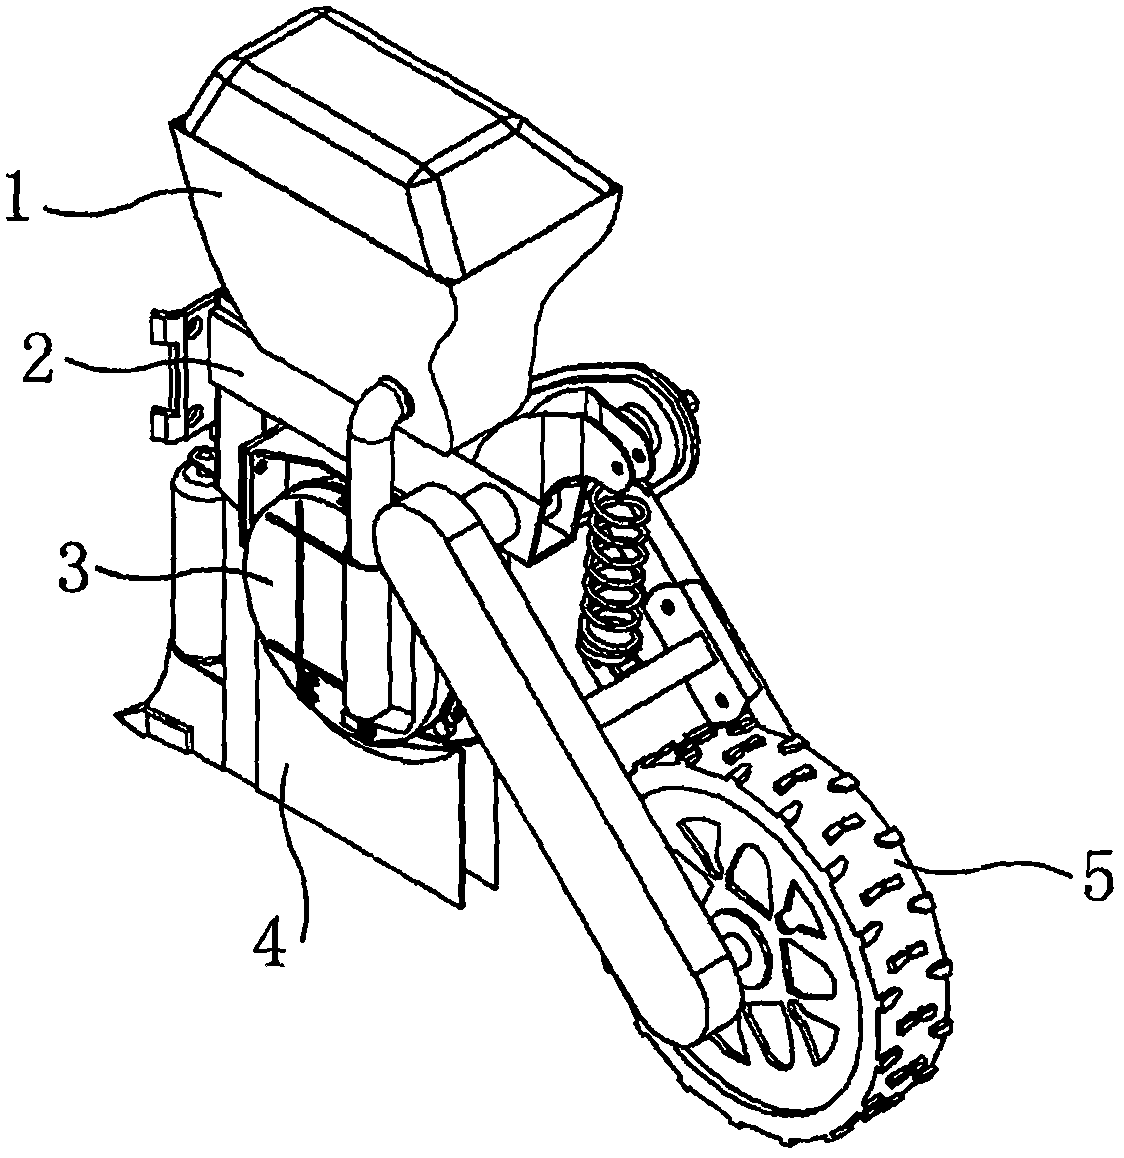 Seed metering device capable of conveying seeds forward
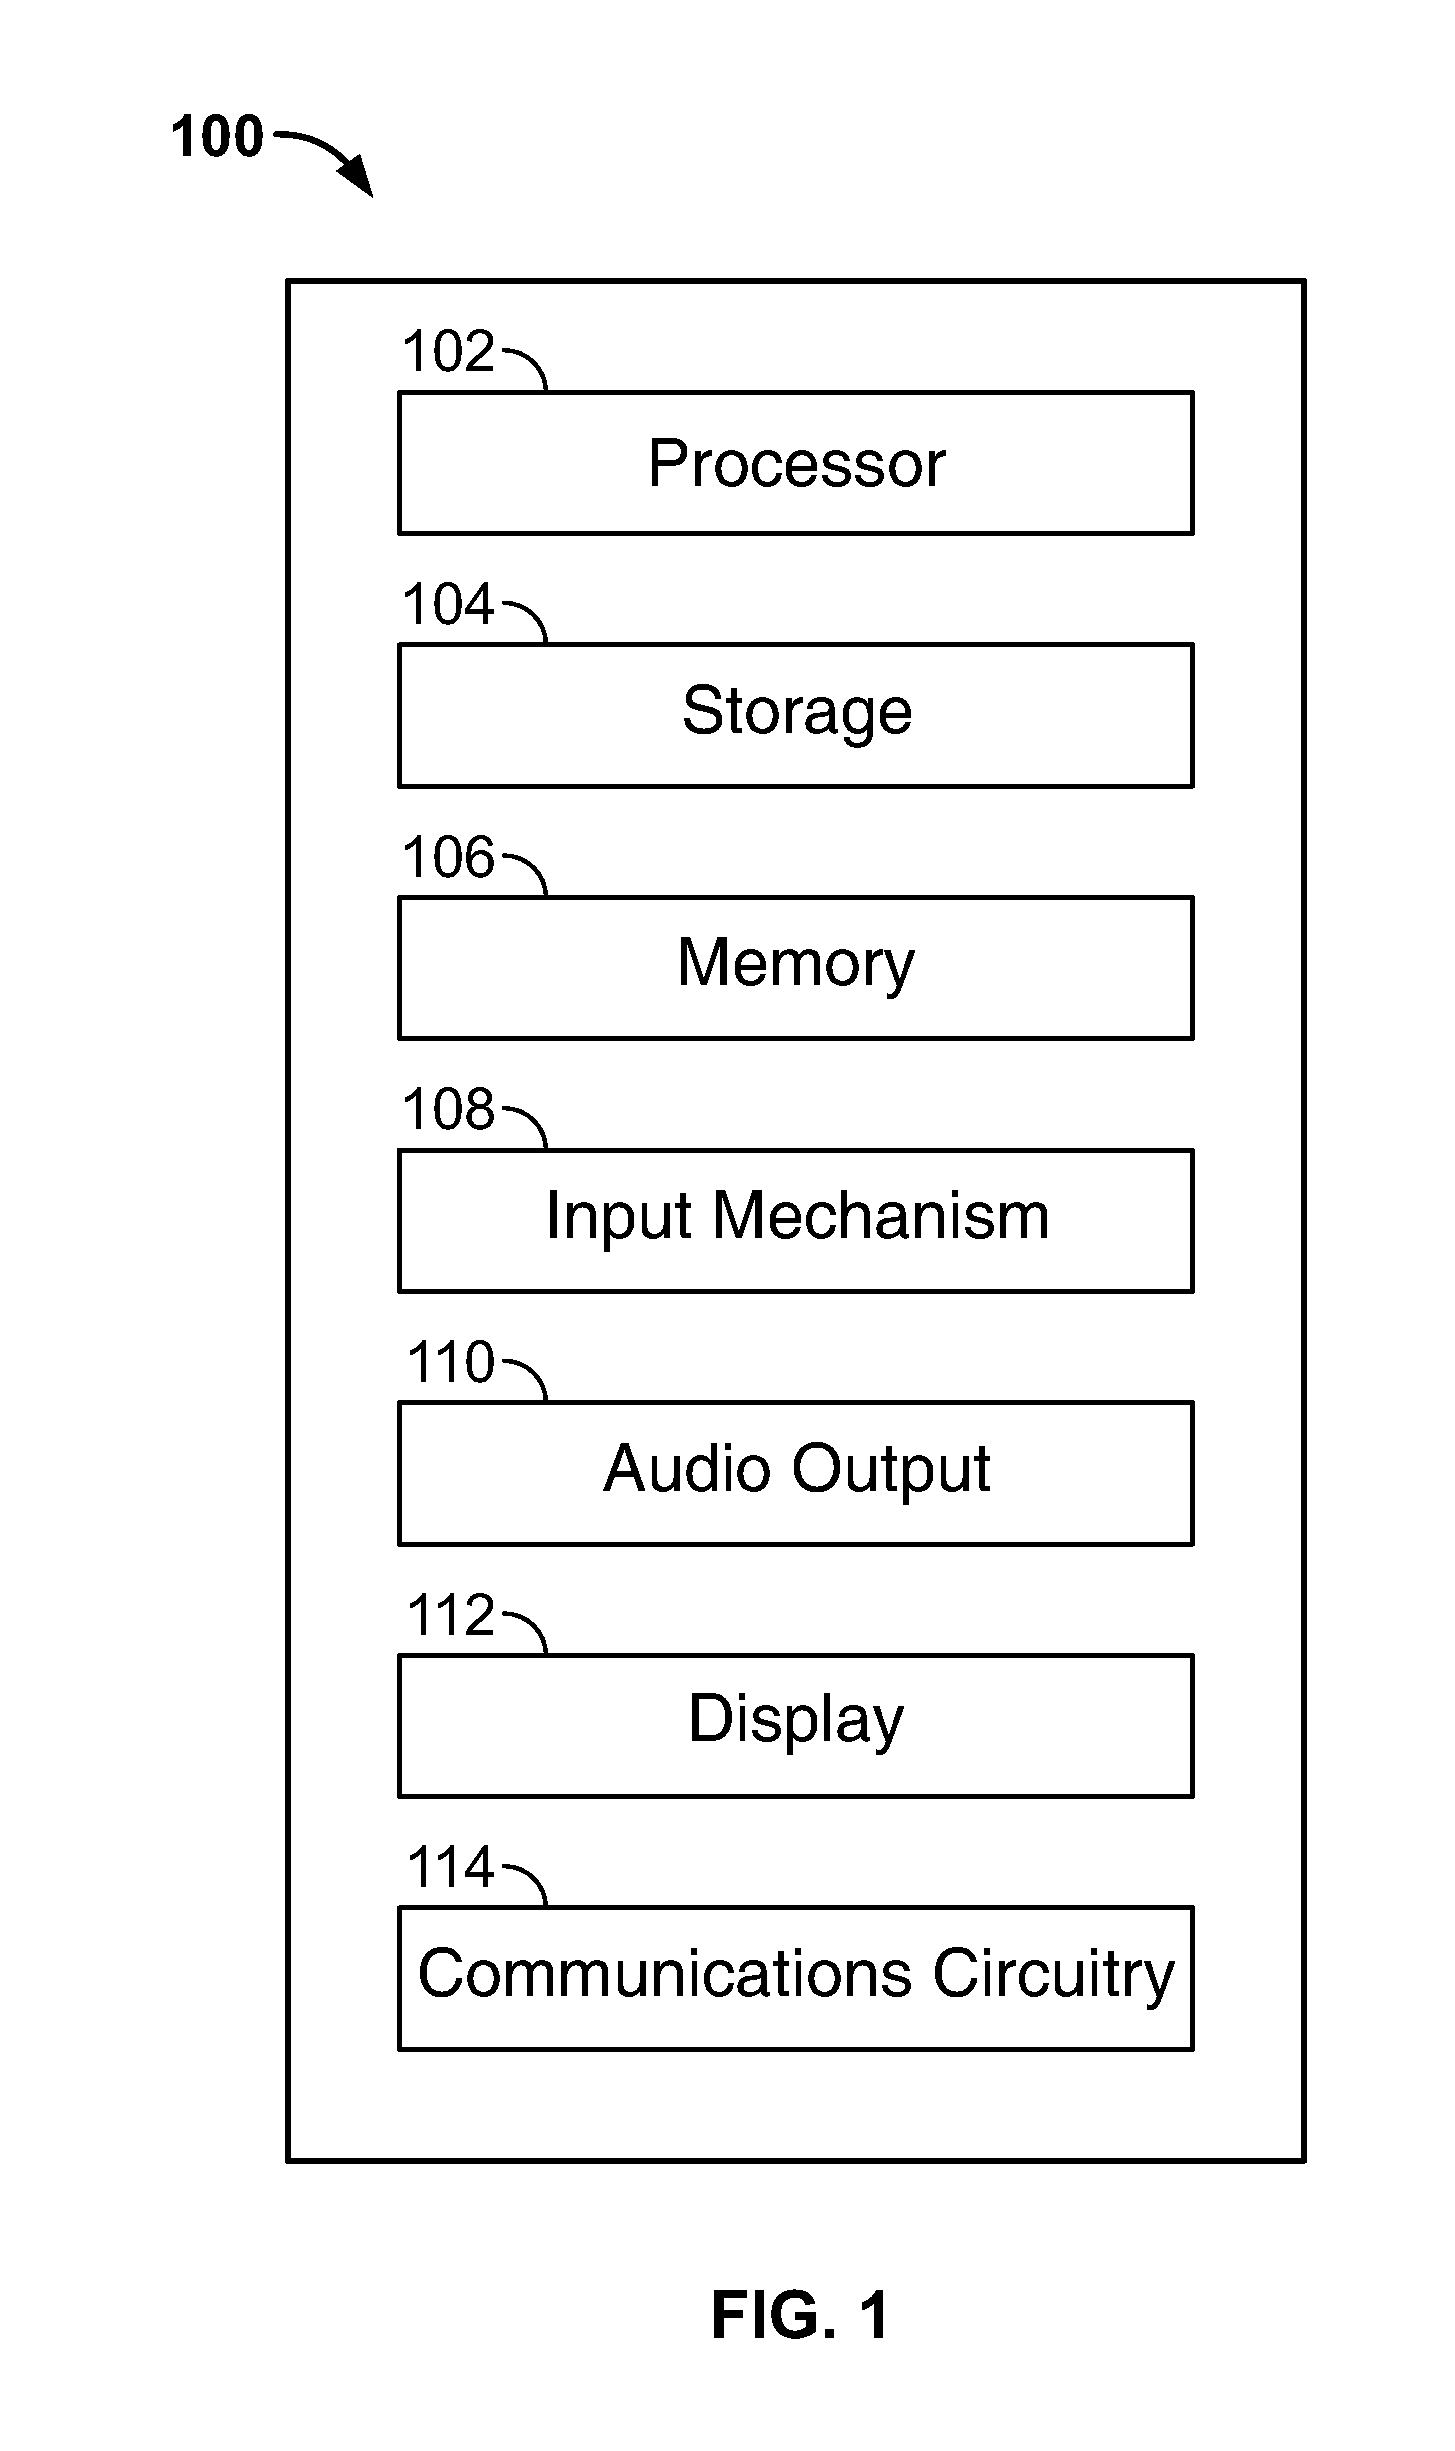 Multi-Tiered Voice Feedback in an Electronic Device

---

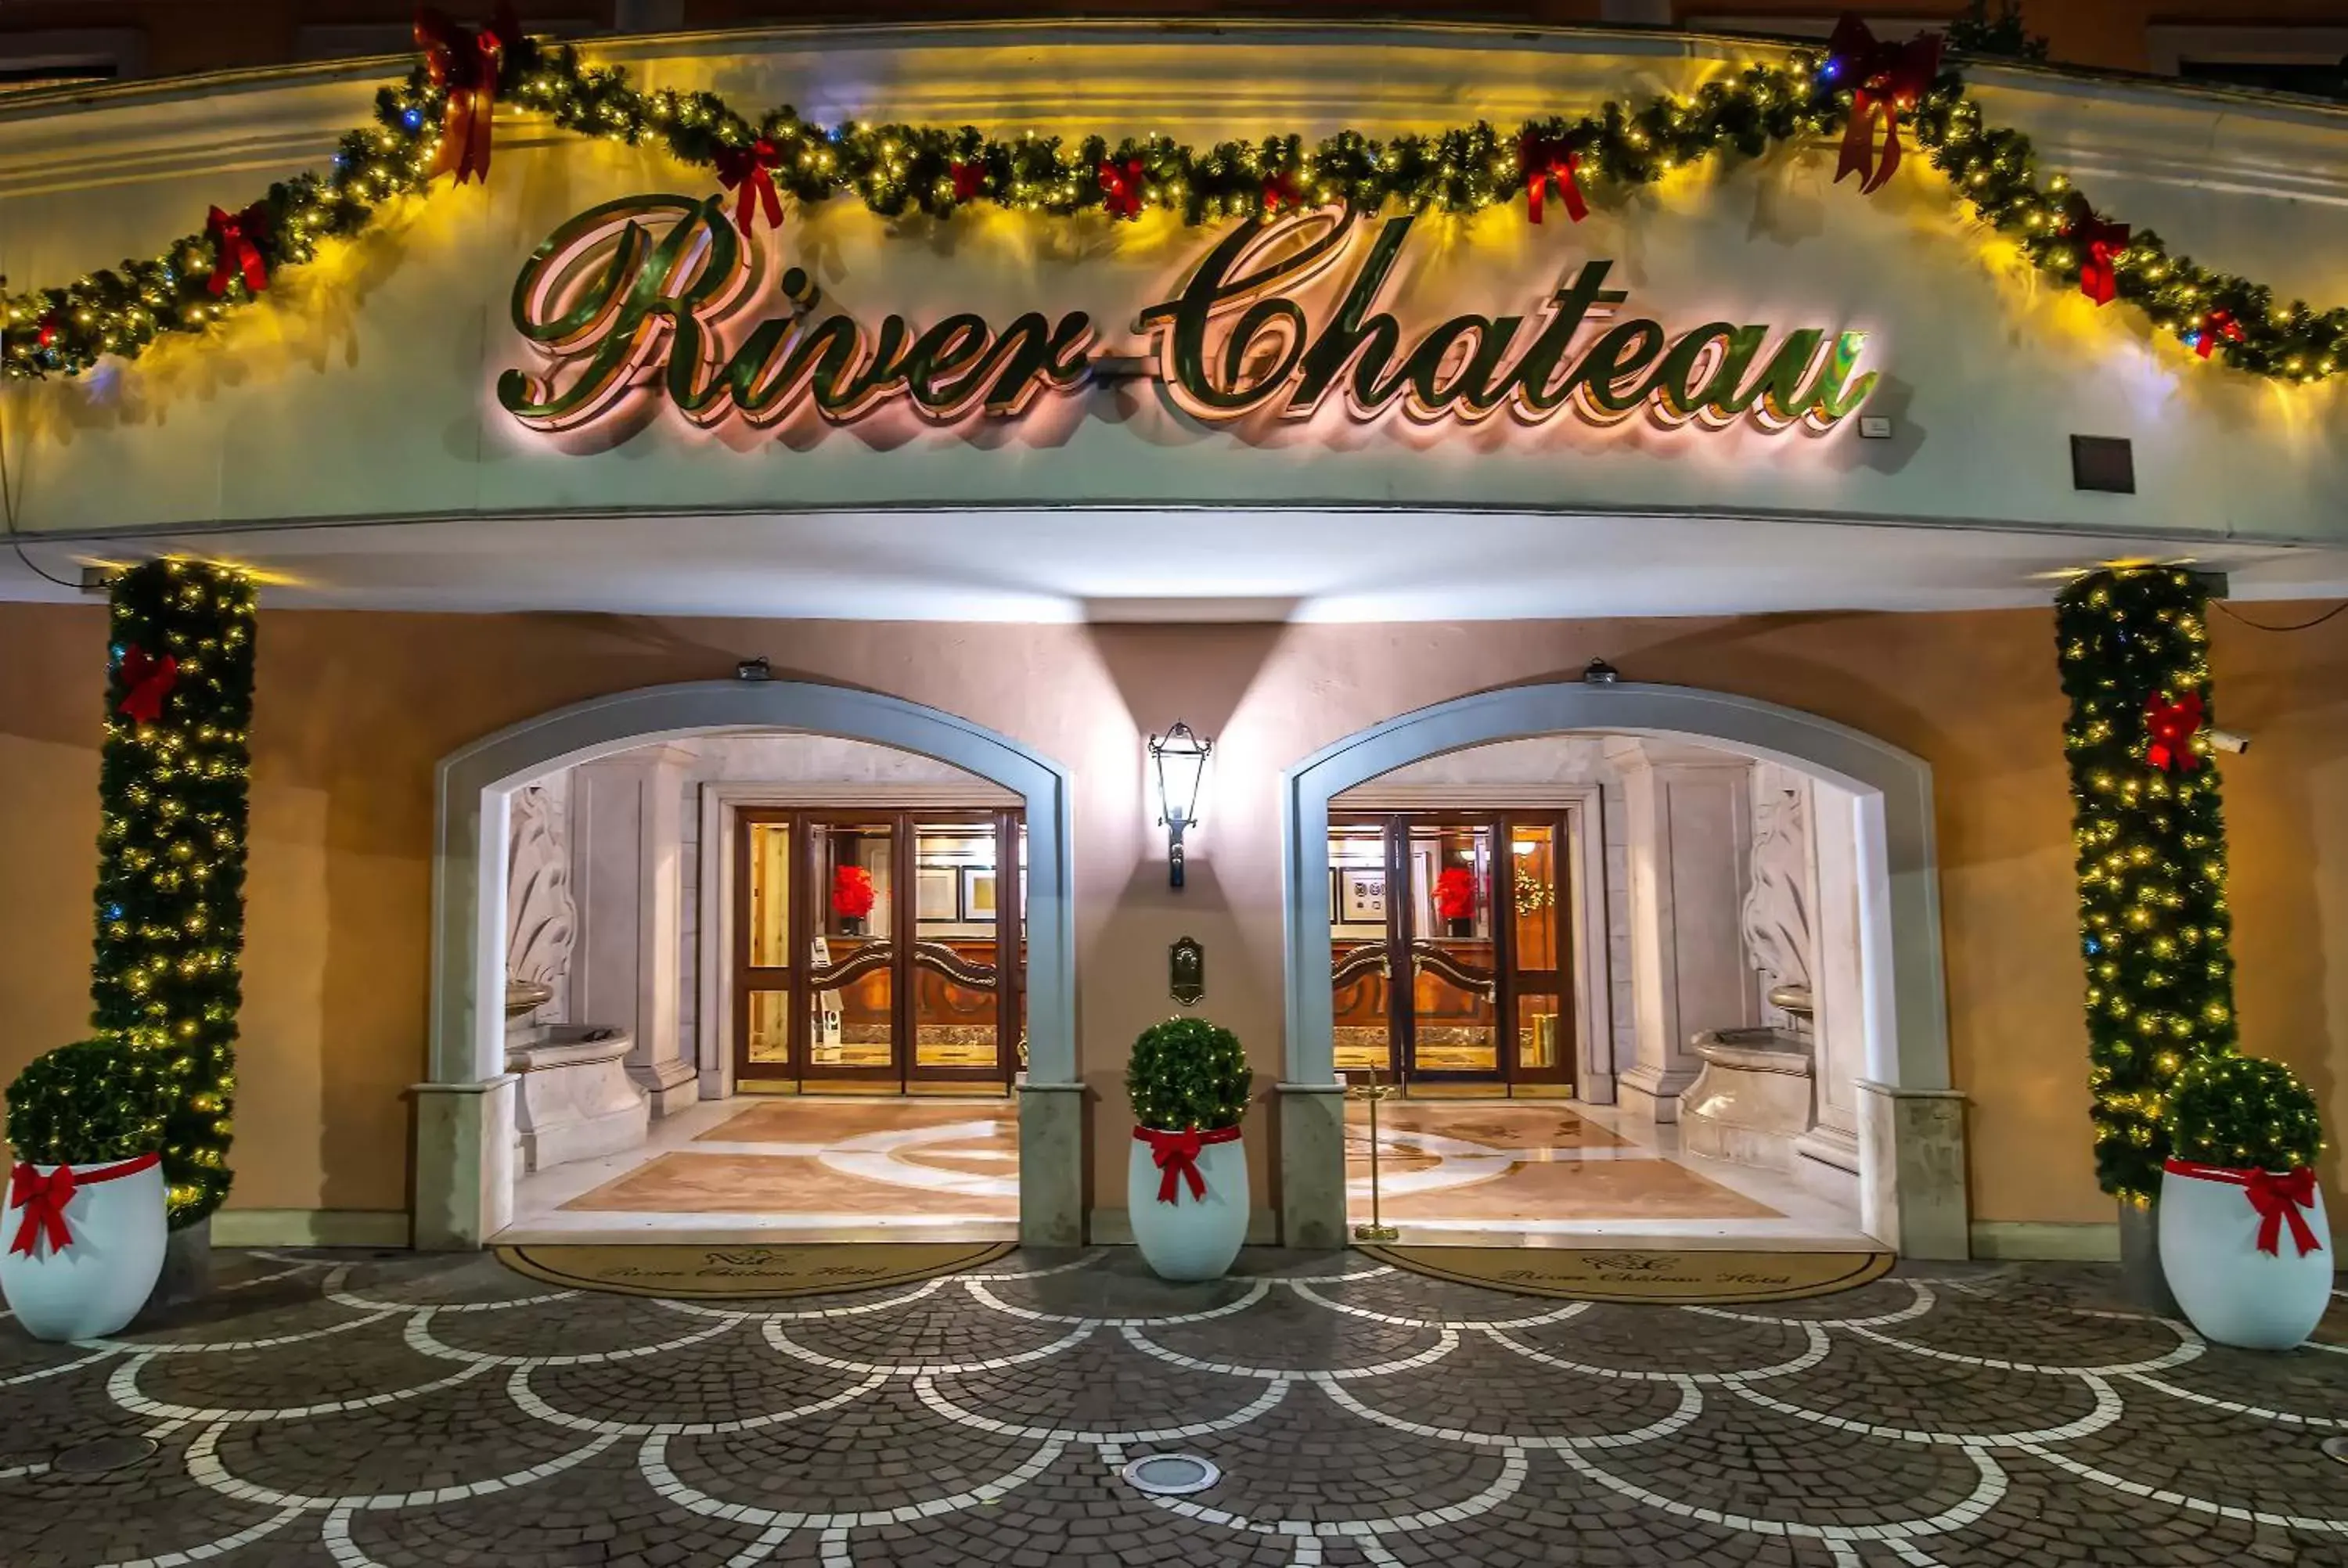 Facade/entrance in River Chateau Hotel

What this task involves
Set the pictures aside and retype exactly the lines above from the line with "Seed metering device" to the line with "Multi-Tiered Voice Feedback", both included, adding no others.

Completed exercise
 Seed metering device capable of conveying seeds forward
 Multi-Tiered Voice Feedback in an Electronic Device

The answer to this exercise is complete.